Considérant qu'il résulte de l'instruction que les travaux au titre desquels la requérante soutient bénéficier d'un crédit de taxe sur la valeur ajoutée ont eu pour objet, concernant une ancienne maison d'habitation, le remplacement de l'ensemble des cloisons intérieures, de l'ensemble des installations sanitaires et électriques ainsi que la pose de nouveaux planchers et fenêtres aboutissant à la création de trois appartements ; que les travaux réalisés dans une ancienne écurie ont consisté à remplacer la totalité des ouvrants et des cloisonnements intérieurs, à créer des installations sanitaires, électriques et de chauffage pour aboutir à la création de deux appartements ; qu'enfin, les travaux réalisés dans un ancien dépôt ont consisté en la création d'un niveau supplémentaire, la pose d'escaliers et de planchers, le remplacement de la totalité des ouvrants et cloisons intérieures et la mise en place de l'ensemble des installations sanitaires, électriques et de chauffage ;

Considérant que ces travaux, par leur nature et leur ampleur sur chacun des bâtiments en cause, et bien qu'ils n'aient pas affecté le gros oeuvre desdits bâtiments, ont été à bon droit regardés par les premiers juges comme concourant à la production d'immeubles, au sens des dispositions précitées du code général des impôts, et relevant, à ce titre, du taux normal de la taxe sur la valeur ajoutée ;

Sur l'application de la doctrine administrative :

Considérant que la requérante n'est pas fondée à se prévaloir des instructions 3 C-5-99 du 14 septembre 1999 et 3 C-7-06 du 8 décembre 2006, ni de la réponse ministérielle du 1er juin 2004 à M. Hunault, député, relatives à l'application de la taxe sur la valeur ajoutée au taux réduit à certains types de travaux de rénovation dès lors que, chacune d'elles, réserve le cas où les travaux en cause concourent à la production d'un immeuble neuf ;

Considérant qu'il résulte de tout ce qui précède que la SARL LEAL n'est pas fondée à soutenir que c'est à tort que, par le jugement attaqué, le Tribunal administratif de Lille a rejeté sa demande ;

Sur les conclusions tendant à l'application de l'article L. 761-1 du code de justice administrative :

Considérant qu'aux termes de l'article L. 761-1 du code de justice administrative : Dans toutes les instances, le juge condamne la partie tenue aux dépens ou, à défaut, la partie perdante, à payer à l'autre partie la somme qu'il détermine, au titre des frais exposés et non compris dans les dépens.

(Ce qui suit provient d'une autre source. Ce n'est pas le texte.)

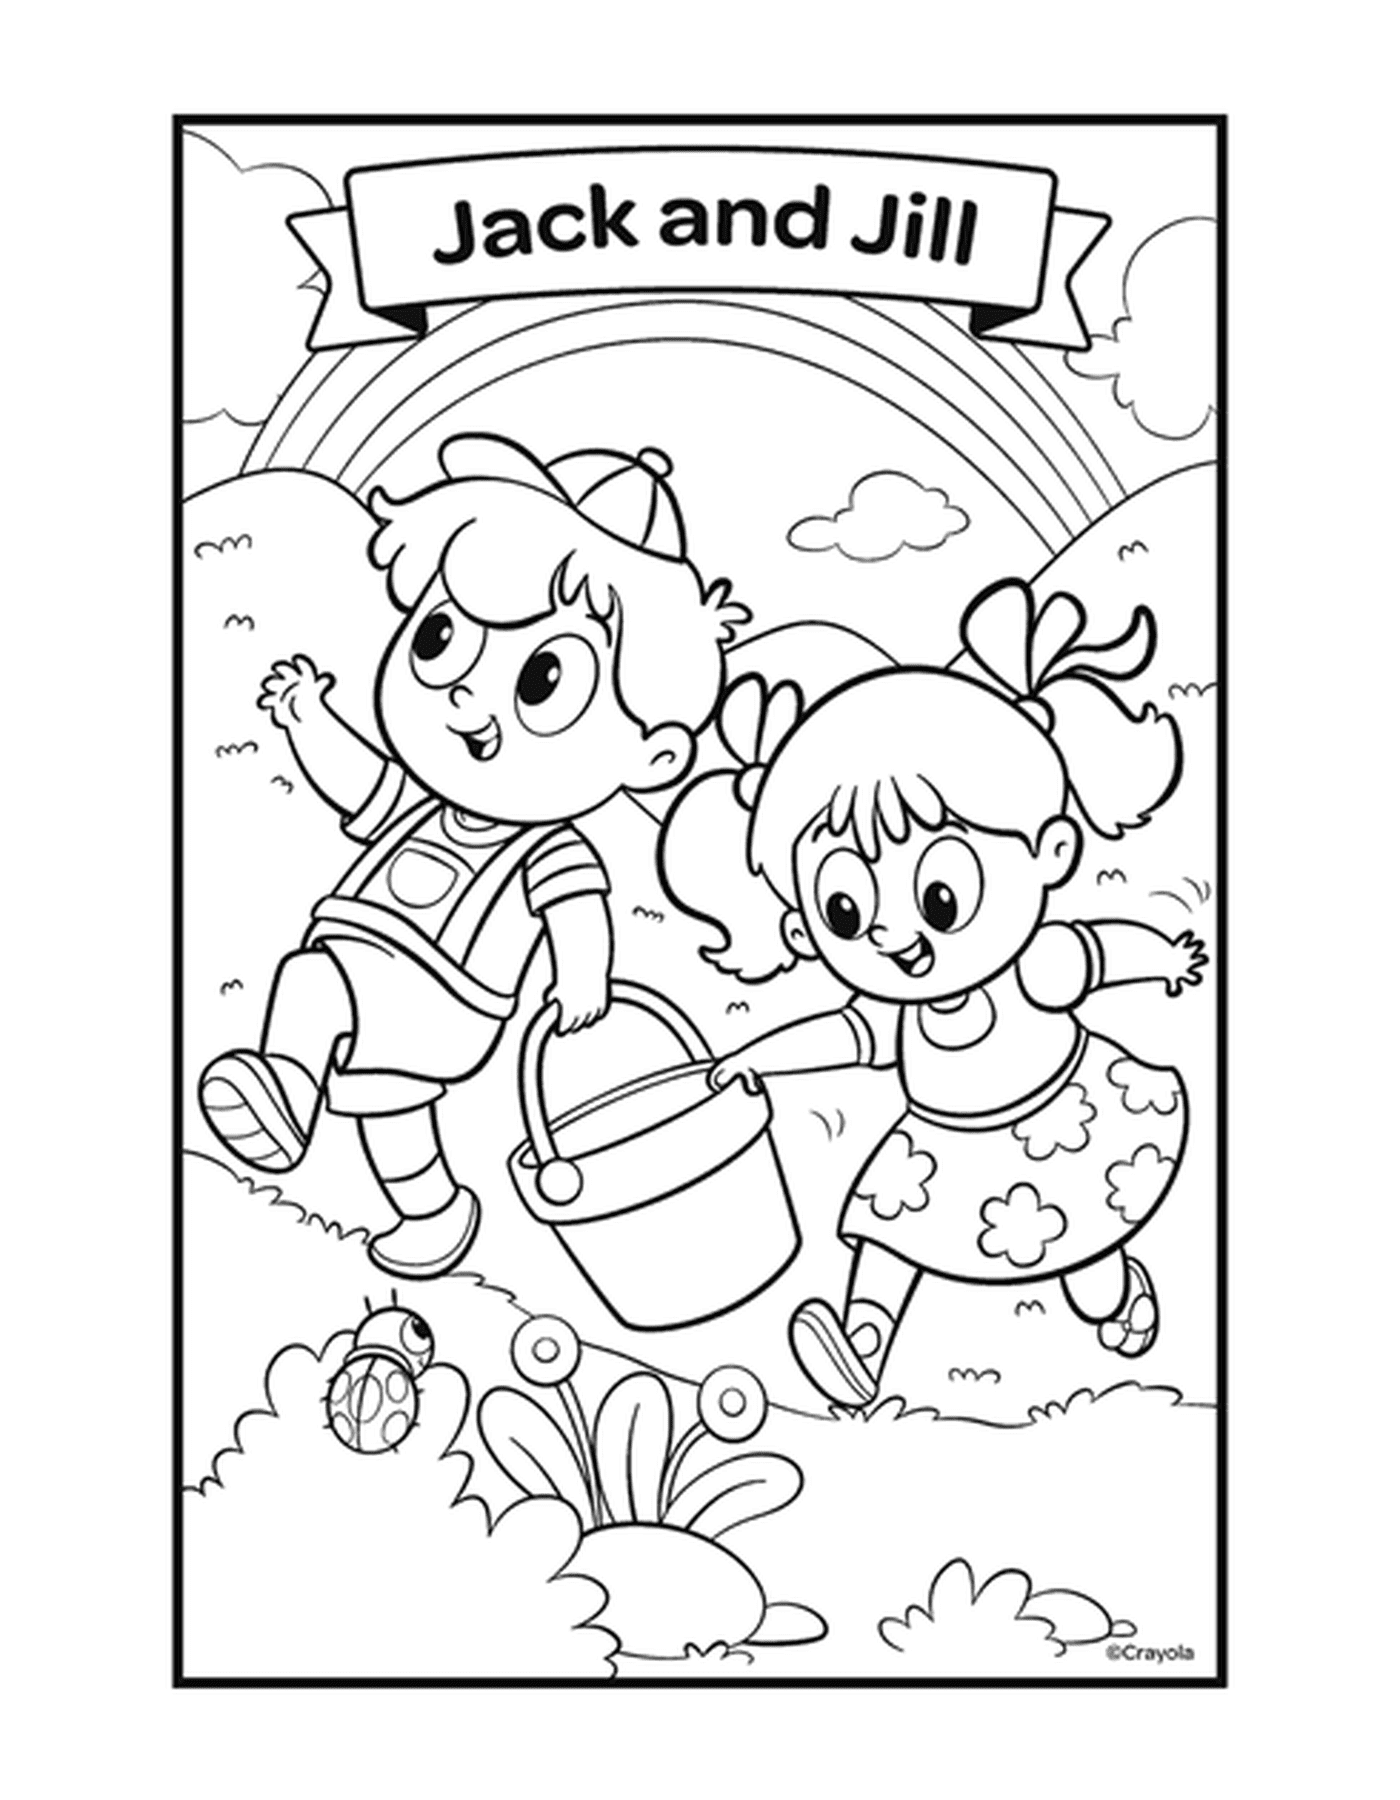  杰克和吉尔 和两个孩子玩一个桶子

Le juge tient compte de l'équité ou de la situation économique de la partie condamnée. Il peut, même d'office, pour des raisons tirées des mêmes considérations, dire qu'il n'y a pas lieu à cette condamnation ;

Considérant qu'en vertu des dispositions précitées de l'article L. 761-1 du code de justice administrative, la Cour ne peut pas faire bénéficier la partie perdante du paiement par l'autre partie des frais qu'elle a exposés à l'occasion du litige soumis au juge ; que les conclusions présentées à ce titre par la SARL LEAL doivent, dès lors, être rejetées ;

DÉCIDE

Article 1er : La requête de la SARL LEAL est rejetée.

Article 2 : Le présent arrêt sera notifié à la SARL LEAL et au ministre du budget, des comptes publics, de la fonction publique et de la réforme de l'Etat, porte-parole du Gouvernement.

Copie sera transmise au directeur chargé de la direction de contrôle fiscal Nord.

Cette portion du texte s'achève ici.